2. Do not use the heat dissipation connection of the V and PGND pins. Pate the most copper area on PGND tube and V tube feet to help heat dissipation.

3. The input capacitor should be as close to the V pins and PGND pins as much as possible.

4. Preferred ground plane. If you do not use ground planes, separate PGND from agng and connect them at only one point to avoid couples of PGND pins noise to AGND pins.

5. Make the current from LX to L to CO to PGND's current trajectory as short as possible.

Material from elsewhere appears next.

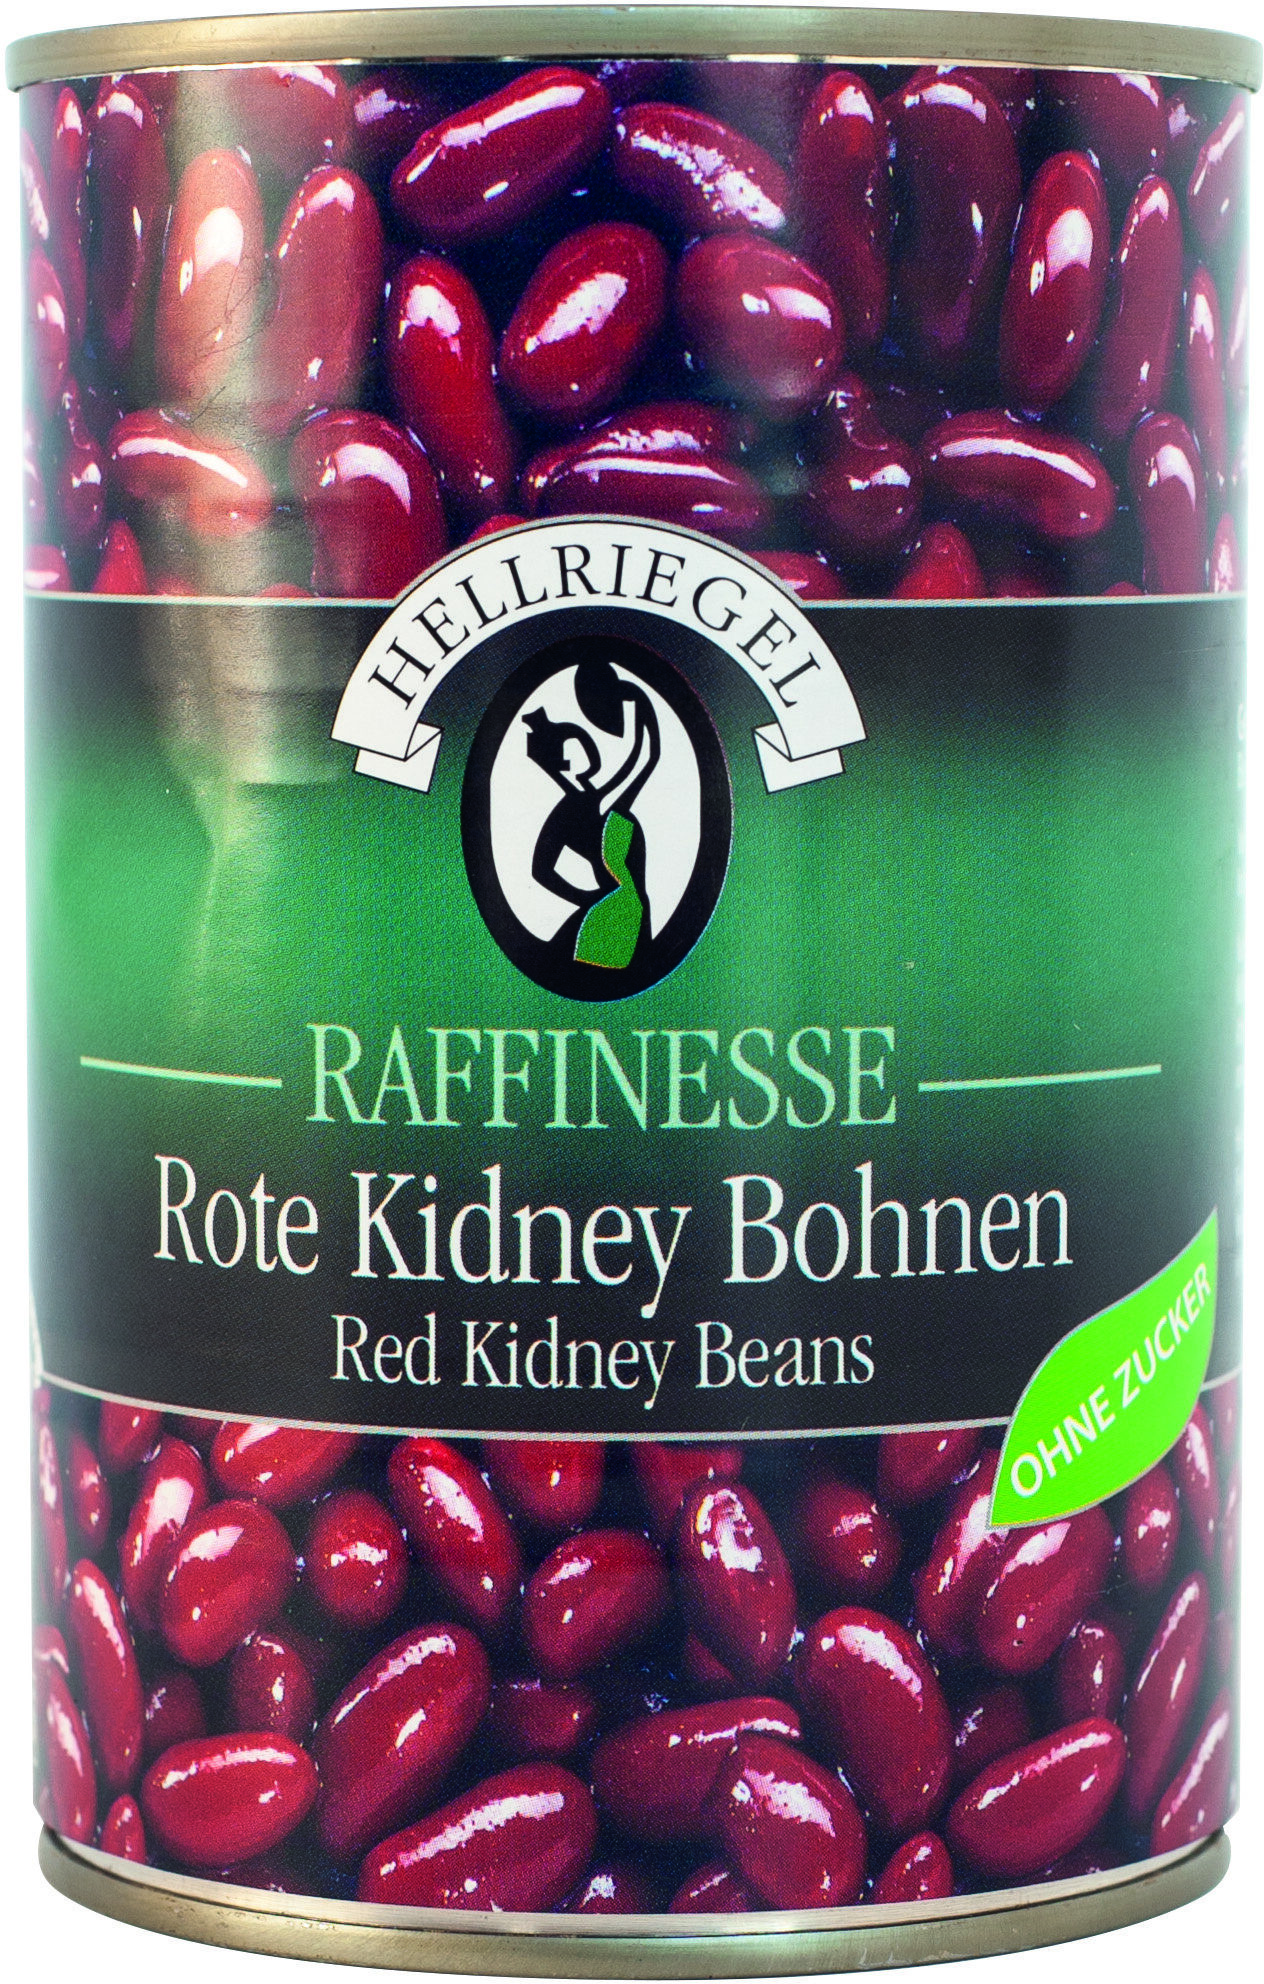 Hellriegel Raffinesse Kidney-Bohnen rot - Product - de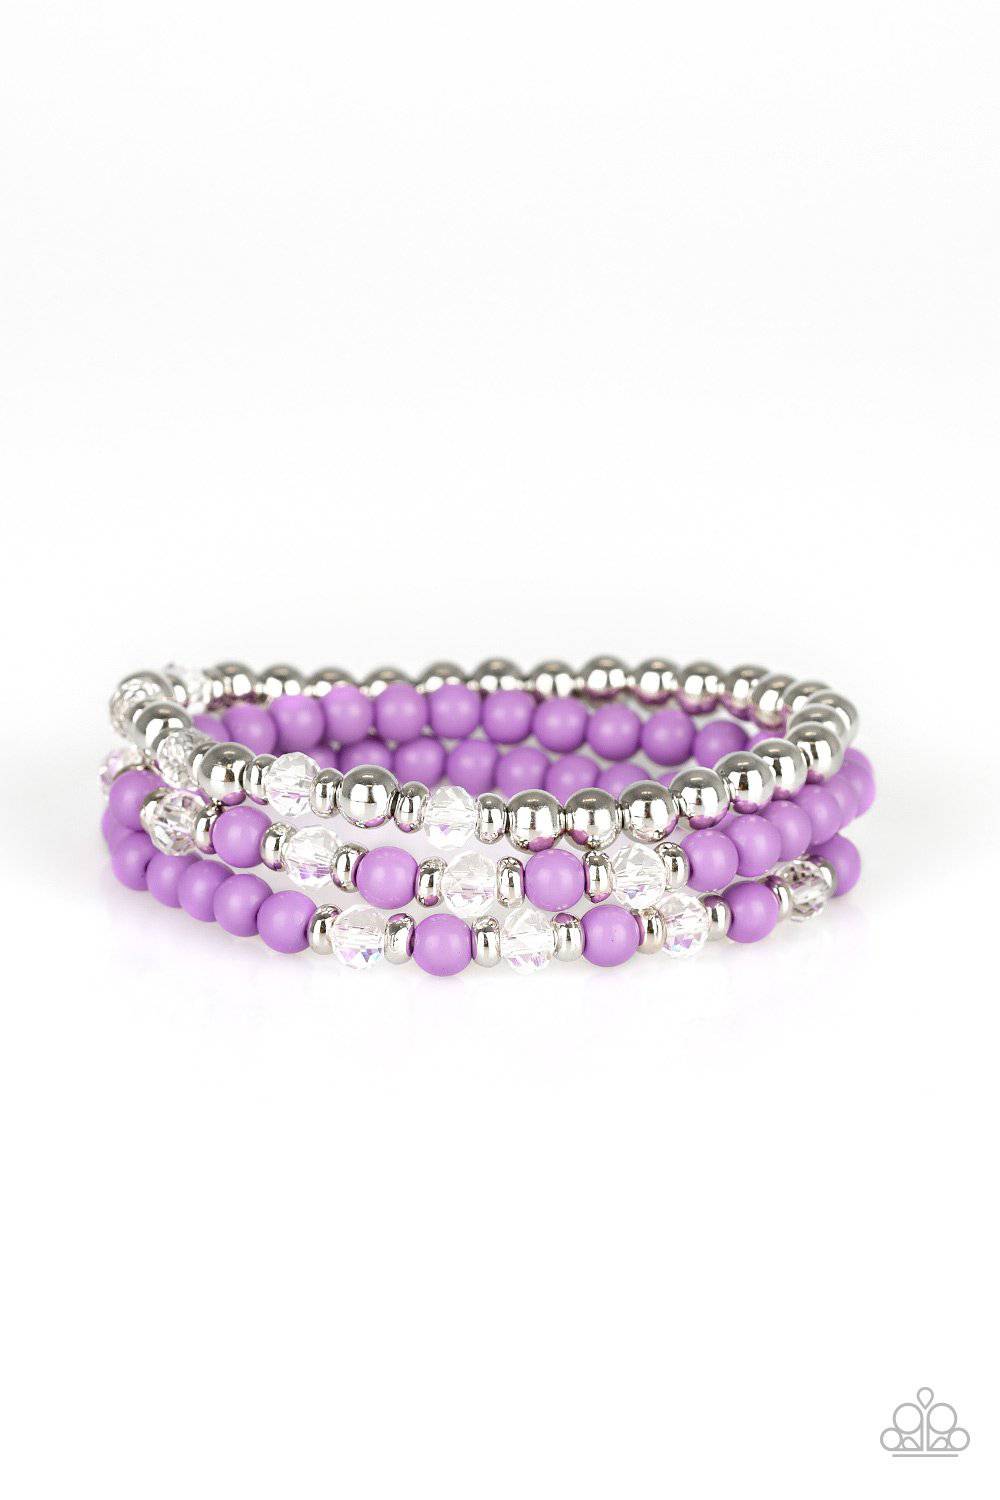 Irresistibly Irresistible - Purple Stretchy Bracelets - Paparazzi Accessories - GlaMarous Titi Jewels

6. Pour copper plane in all unused circuit board areas and connect it to a stable DC node, such as V, GND or V.

7. Keep the sensitive signal track away from the LX tube.

Packaging size, dfn 5x4

Note:

1. Size and tolerance conform to Asme Y14.5M-1994.

2. All units are millimeters.

3. The position and terminal number of the terminal#1 in line with the JEDEC publication 95 SP-002.

4. Size B is suitable for metalized terminals, measured between 0.15mm and 0.30mm from the tip of the terminal.If the other end of the terminal has an optional radius, the size B should not be measured in the radius area.

5. The coexistence is suitable for terminals and all other bottom metal.

6. The drawings shown only for explanation.

7. The size with*is for reference only

8. pin 3 and pin 7 melting with DAP.